Santiago’s name represents its history. Santiago is for the Apostle Saint James and Compostela refers to a burial ground and the paper presented to the early pilgrims documenting the completion of their pilgrimage. When the catholic church declared that the remains of St. James had been discovered in a tomb in the area around 813, the King ordered a chapel built at the site. A church followed and soon pilgrimages began to the site from France and Spain. A cathedral was begun at the site in 1075 and eventually the town of Santiago grew around the site to function as a major Christian religious site up to the present day.

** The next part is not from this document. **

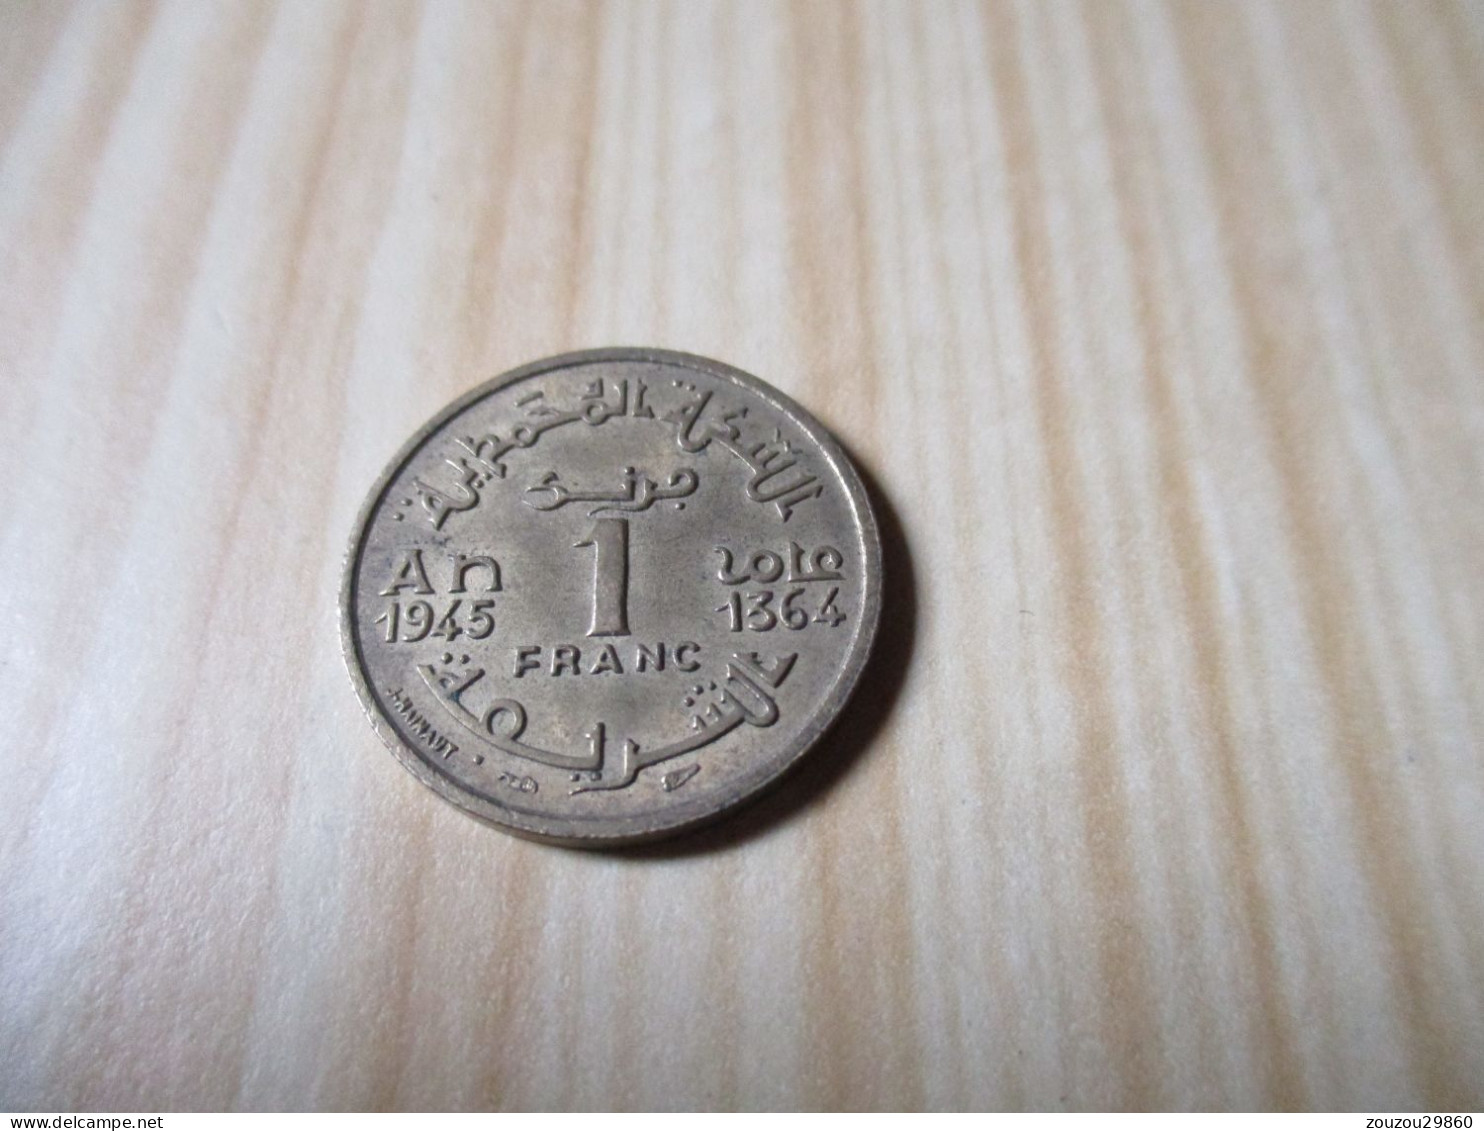 Maroc - 1 Franc Mohammed V 1945.N°747. - Marruecos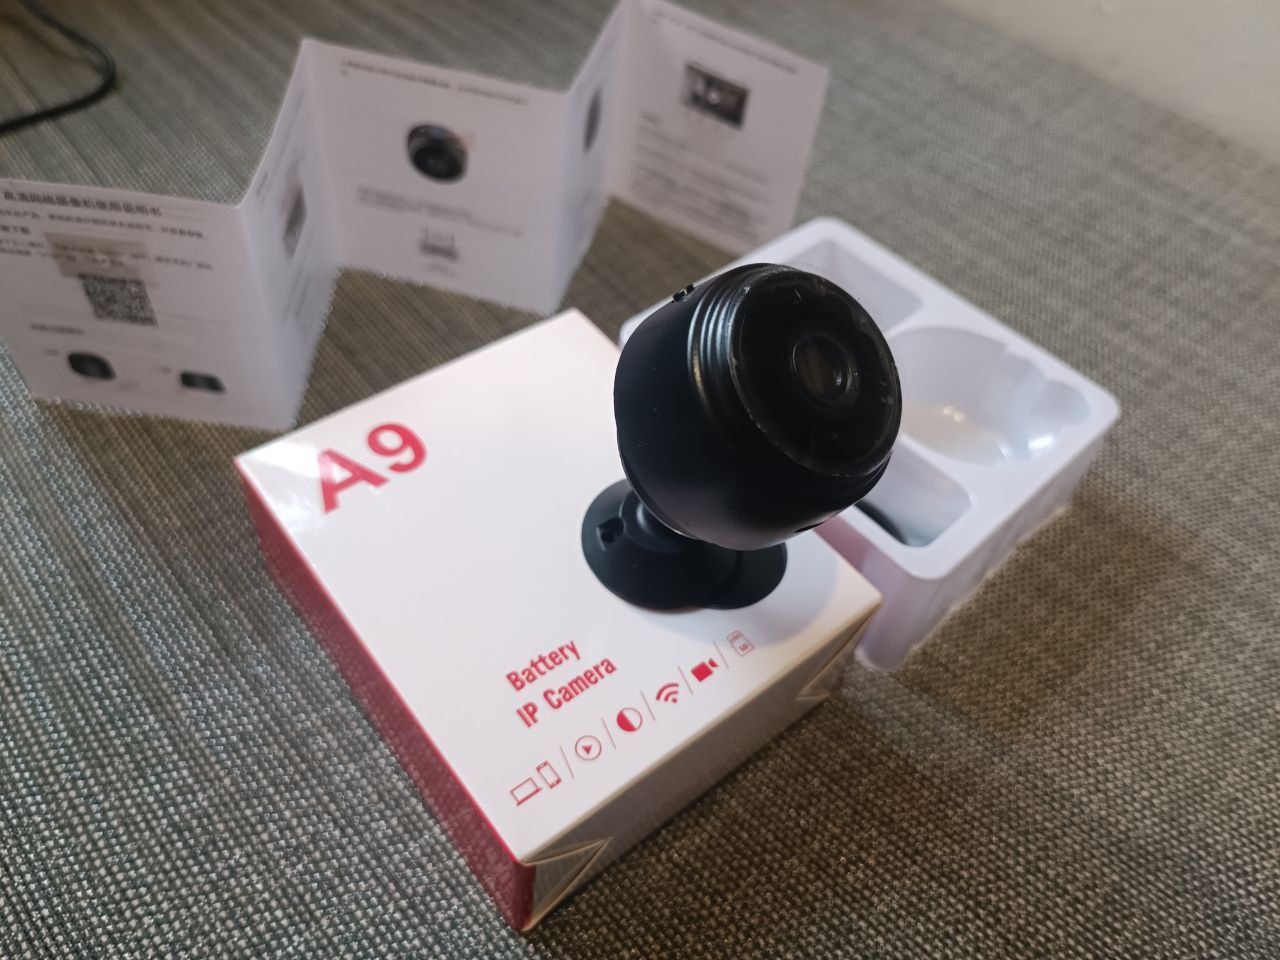 Мини камера для видеонаблюдения Wi-Fi A9 FullHD

Our last hotel on our trip was a small B and B, Hotel Atalaia, at the beginning of old town. Our large and modern upgraded room was the only one on the third floor with the elevator opening directly into the room. Quite unusual for a European hotel. Katherine went for a run before dinner and discovered a large green park outside of old town. Santiago’s old town is clearly medieval in appearance with very winding and narrow streets. We found dinner in a small café facing the large square on the back side of the cathedral.

We were up early the next morning to be tourists as we had to catch an afternoon flight back to Malaga. We walked through all old town and visited the Cathedral for only a short while as there is a major restoration ongoing and most of the interior is hidden by protective coverings and scaffolding. What we could see was impressive and showed its almost one- thousand- year age. It is a much darker cathedral than bright ones like Leon or Burgos and this is a simple fact based on the design. Santiago is a Romanesque construction which requires thick walls and much fewer windows, the opposite of the brighter Gothic cathedrals.

Our last stop was at the Museum of Pilgrimage and Santiago, a modern museum created in 1951. We spent a few hours there reading through all the exhibits which account for the entire history of Santiago and the origin and growth of the different pilgrimages to the city. A quick lunch and some last-minute shopping and we were off to the very nice airport, getting back to Malaga without any problems by 5 pm.

We had a very interesting and beautifully scenic trip through north Spain. The nice weather, good hotels and great food and wine just made it all the better.